- [What you are asked to do] Return the stretch from the line with "Planta De 95M²" through the line with "Feeling Smitten - Tangerine" in the data below, character for character, skipping all pictures.

- [Data extracts]
+ + + +

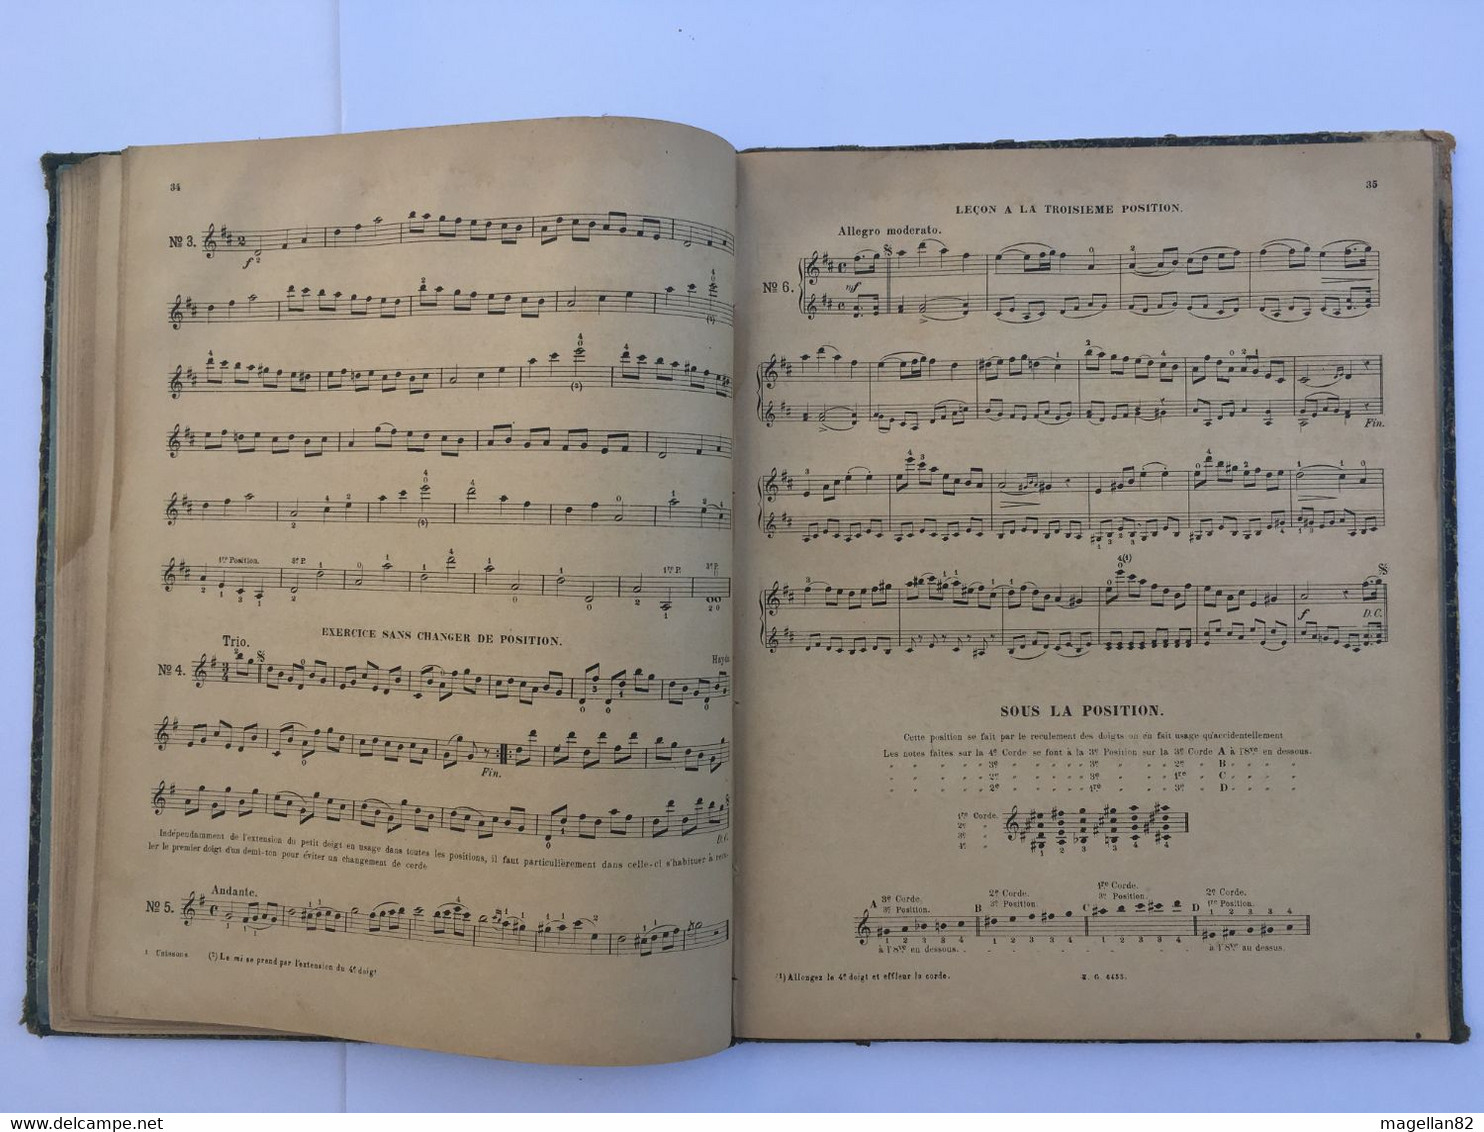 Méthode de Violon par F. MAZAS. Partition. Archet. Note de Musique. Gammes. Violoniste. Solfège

+ + + +

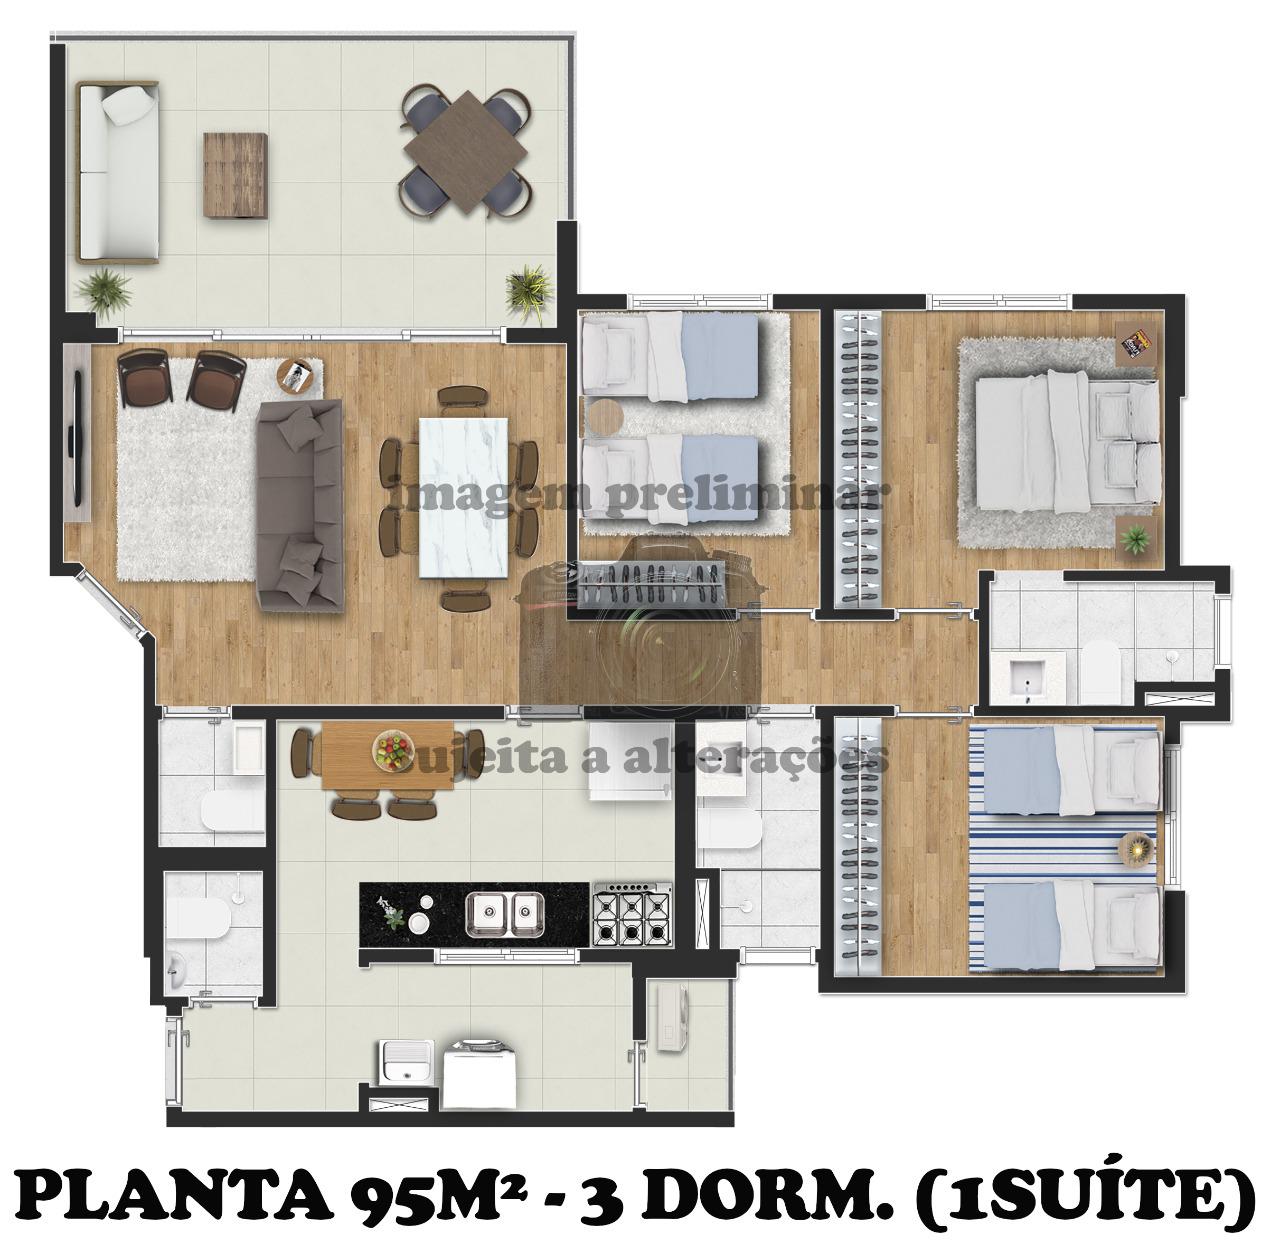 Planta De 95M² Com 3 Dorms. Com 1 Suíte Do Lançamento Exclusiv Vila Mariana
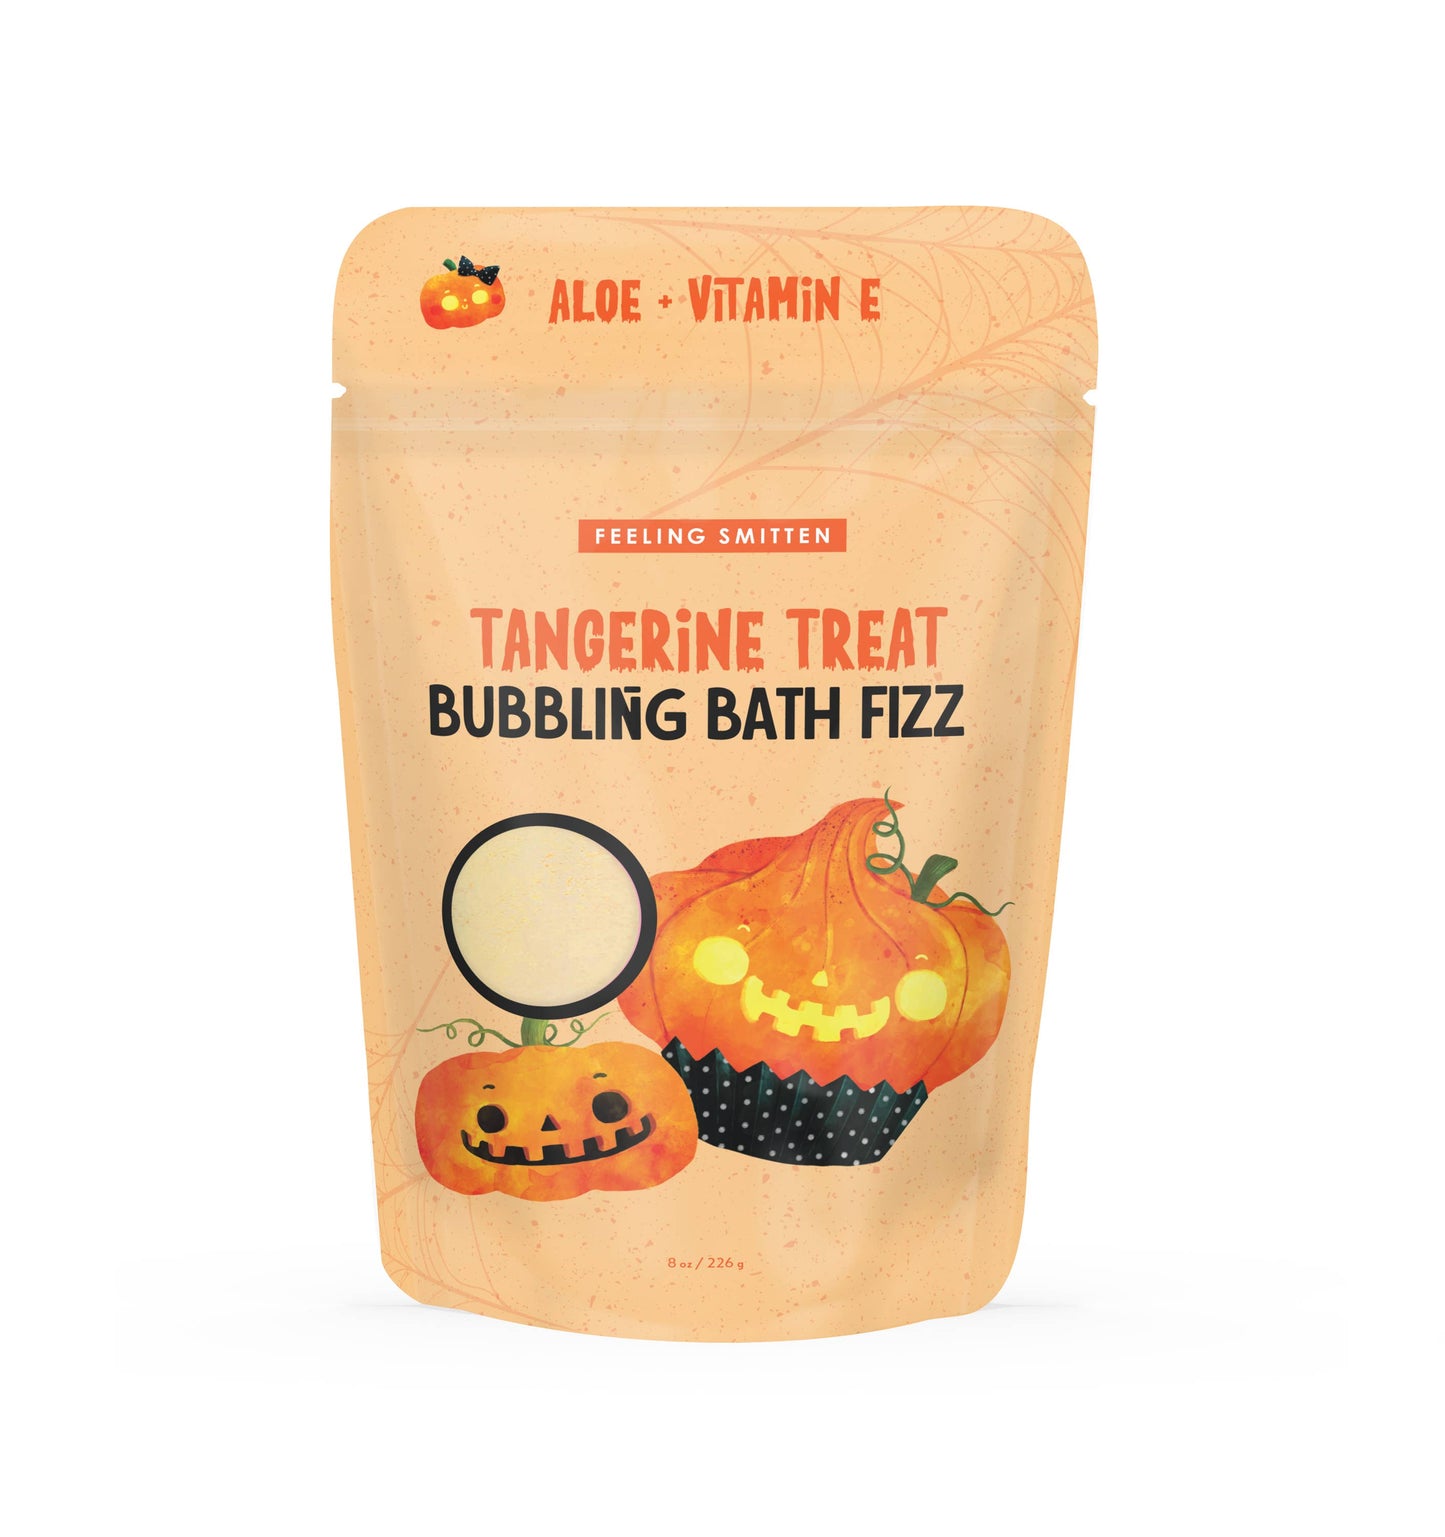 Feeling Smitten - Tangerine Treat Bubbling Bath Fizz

+ + + +

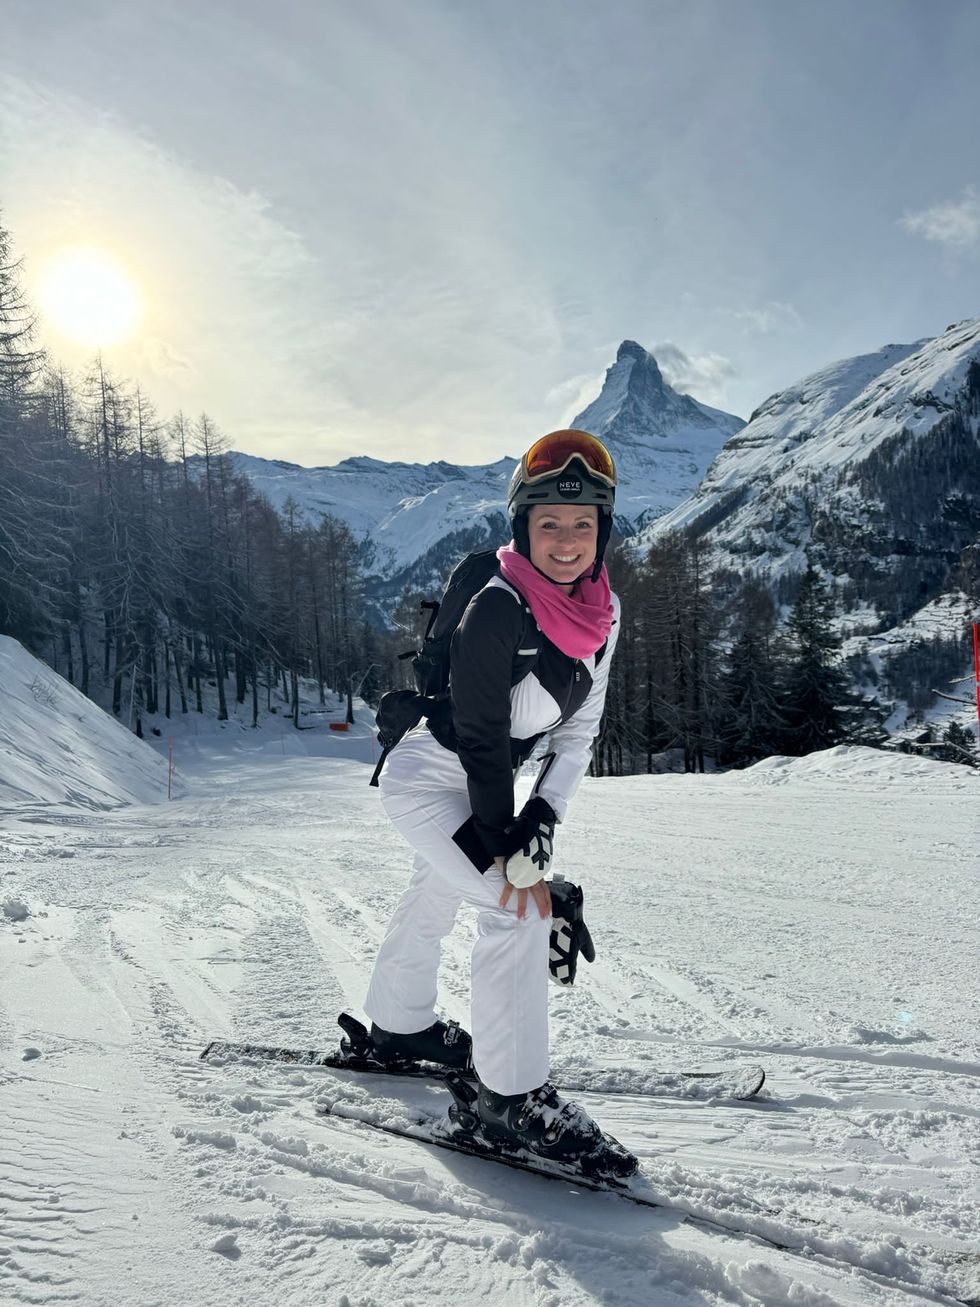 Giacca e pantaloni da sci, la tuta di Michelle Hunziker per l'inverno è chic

+ + + +

- [Solved exercise]
 Planta De 95M² Com 3 Dorms. Com 1 Suíte Do Lançamento Exclusiv Vila Mariana
 Feeling Smitten - Tangerine Treat Bubbling Bath Fizz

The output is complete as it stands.